Amyloid-related imaging abnormalities-edema (ARIA-E) occurred in 24.9% of the gantenerumab recipients vs 2.6% of the placebo recipients. Risk factors included apolipoprotein E (APOE) ε4 homozygosity (hazard ratio [HR] = 4.65), heterozygosity (HR = 2.0), lower cerebrospinal fluid (CSF) Aβ42 (HR = 0.4), and higher Fazekas scores (HR = 1.6). Concurrent ARIA-hemosiderin (ARIA-H) occurred in 43.8% of asymptomatic ARIA-E cases and 64.3% of symptomatic cases. Time to first ARIA-E episode was shorter in APOE ε4 homozygotes (mean = 45.1 weeks) compared with heterozygotes and noncarriers.

Symptomatic ARIA-E, characterized by headaches, confusion, or aphasia, was observed in 1% of participants. Serious cases (e.g., seizures, status epilepticus) occurred in 1.1%, all of whom were hospitalized but recovered without death. Radiological severity, measured using the Barkhof Grand Total Score (BGTS), averaged 21.3 in serious cases compared with 9.0 in asymptomatic cases.

ARIA-E recurred in 46.2% of the participants without baseline cerebrovascular pathology vs 71.4% in those with microhemorrhages or siderosis. Median resolution time for ARIA-E episodes was 8.6 weeks, with homozygous APOE ε4 carriers showing longer times to resolution.

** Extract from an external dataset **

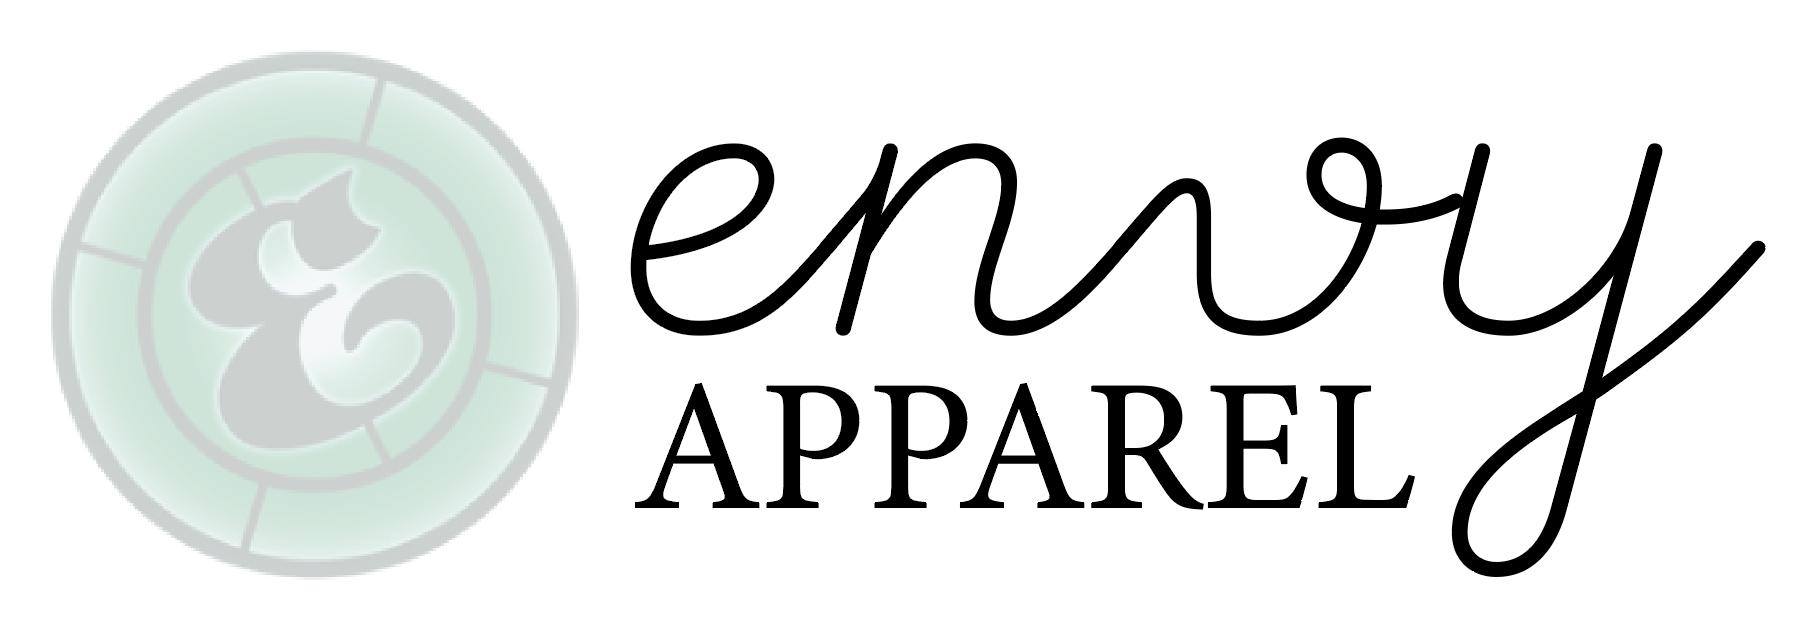 Envy Apparel

Despite ARIA-E’s incidence, group-level analyses found no significant impact on cognitive (CDR-SB, ADAS-Cog13) or functional (ADCS-ADL) measures at week 116. Adjusted mean differences in CDR-SB were –0.3, favoring gantenerumab, with no evidence of long-term detriment from ARIA-E.

The study highlighted the need for individualized MRI monitoring, especially for APOE ε4 carriers. While gantenerumab did not demonstrate clinical efficacy in slowing Alzheimer's disease progression, the findings enhanced the understanding of ARIA as a class effect of antiamyloid monoclonal antibodies.

Conflict of interest disclosures and supplemental data are available in the original publication.